* Extracted information *
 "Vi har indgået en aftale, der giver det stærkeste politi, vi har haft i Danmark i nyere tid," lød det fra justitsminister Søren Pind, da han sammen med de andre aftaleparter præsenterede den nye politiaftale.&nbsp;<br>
---
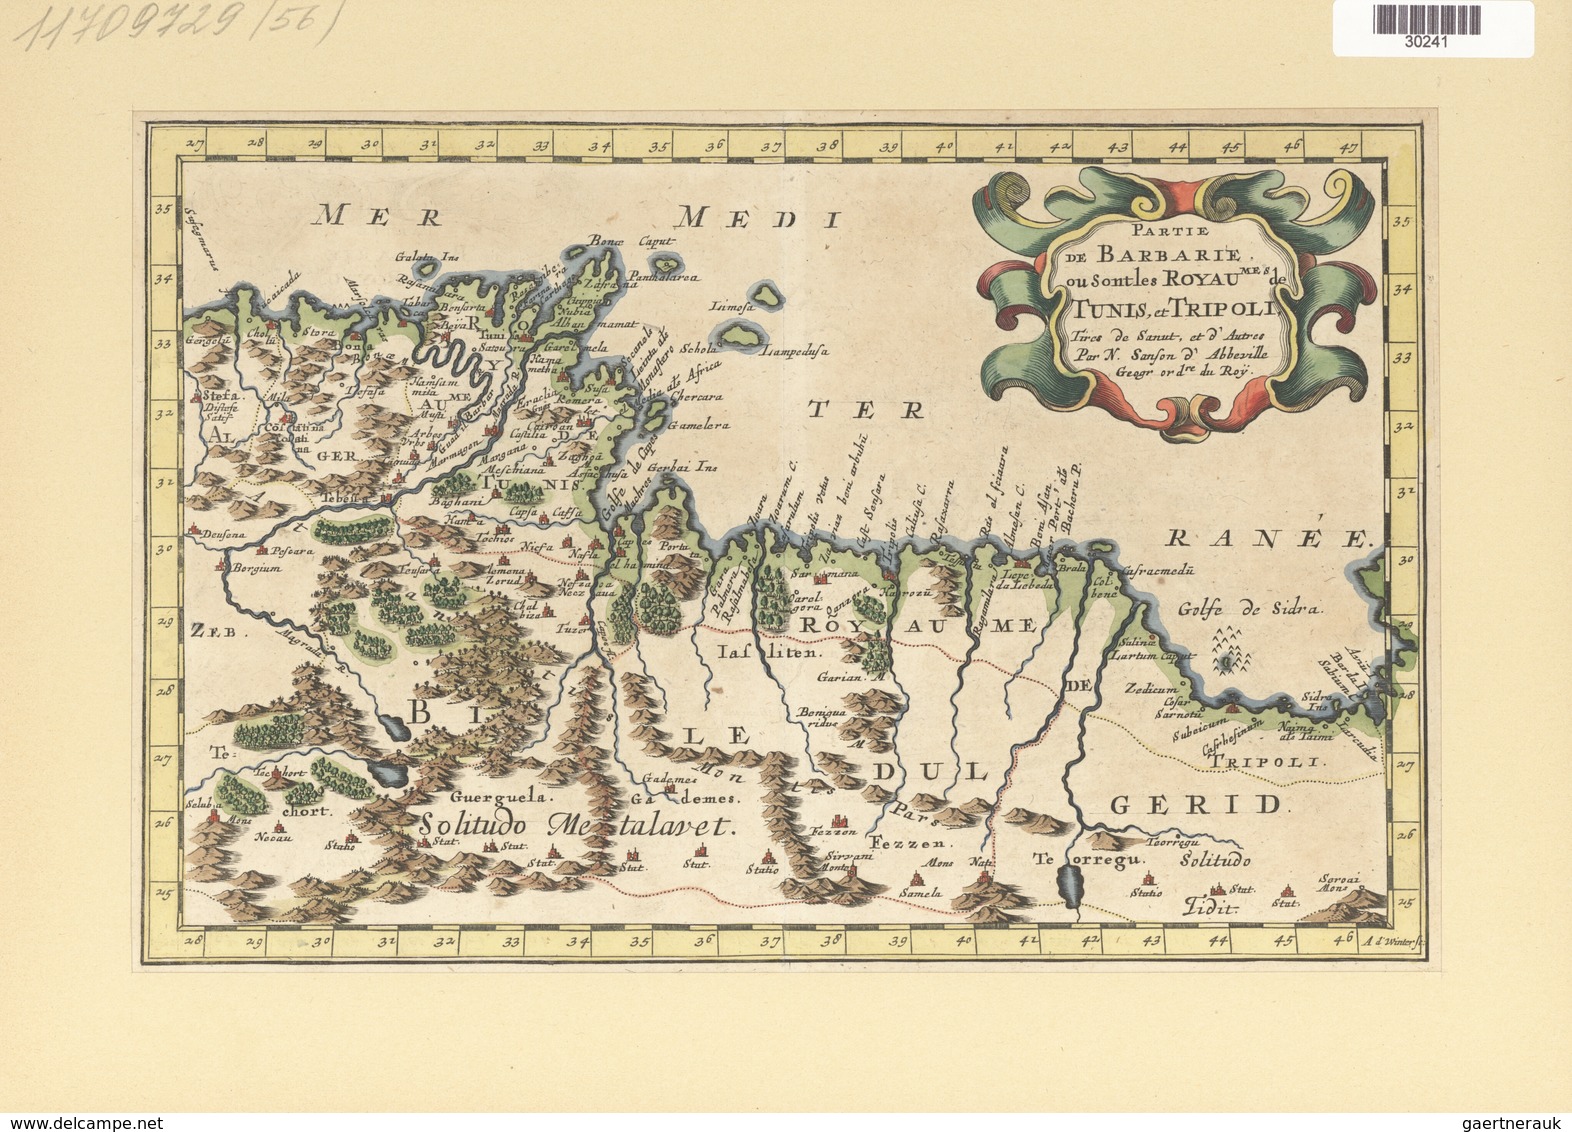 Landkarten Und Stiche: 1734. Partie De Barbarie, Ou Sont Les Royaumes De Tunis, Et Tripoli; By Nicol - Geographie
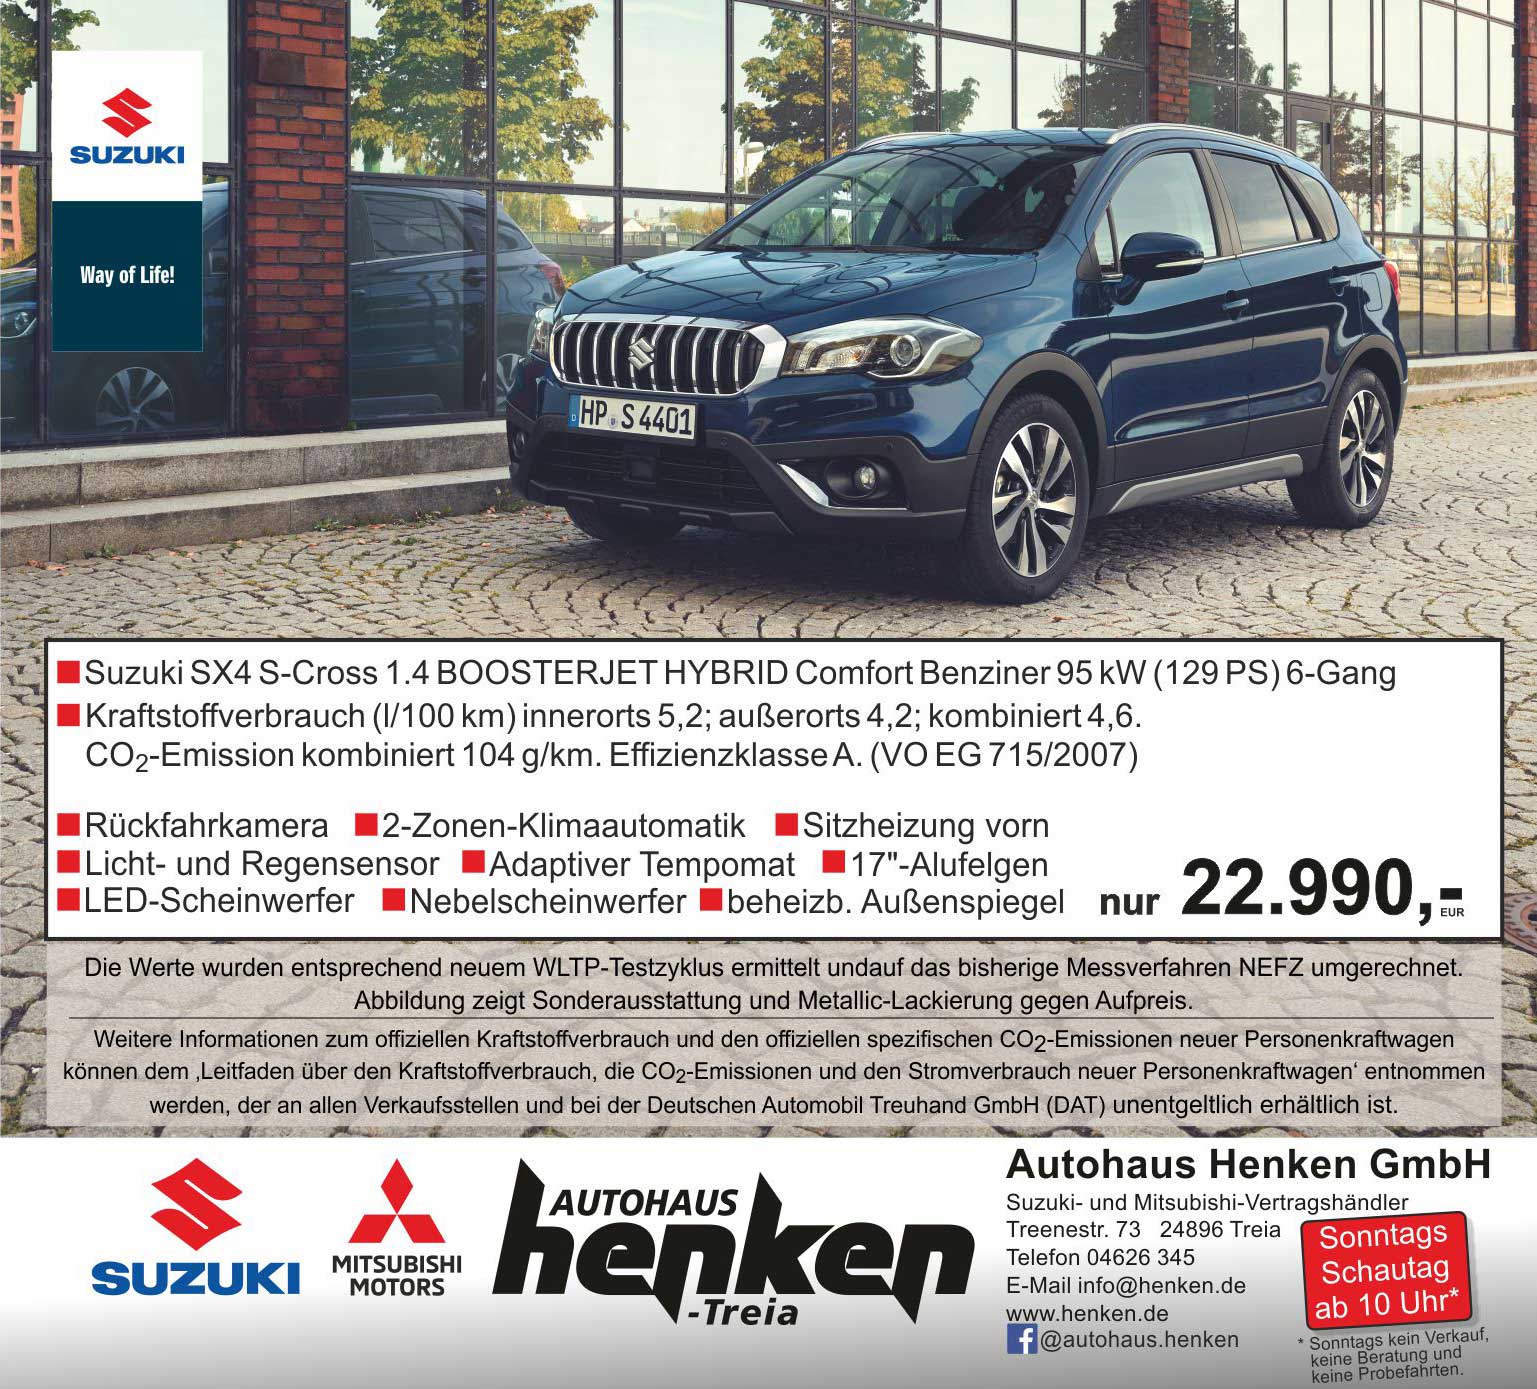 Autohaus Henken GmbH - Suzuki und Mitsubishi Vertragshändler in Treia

* What is required *
Produce an exact reproduction of the listing above, limited to the lines starting at the line with "Landkarten Und Stiche: 1734." and ending at the line with "Autohaus Henken GmbH", both kept, with every picture left out.

* Solution below *
 Landkarten Und Stiche: 1734. Partie De Barbarie, Ou Sont Les Royaumes De Tunis, Et Tripoli; By Nicol - Geographie
 Autohaus Henken GmbH - Suzuki und Mitsubishi Vertragshändler in Treia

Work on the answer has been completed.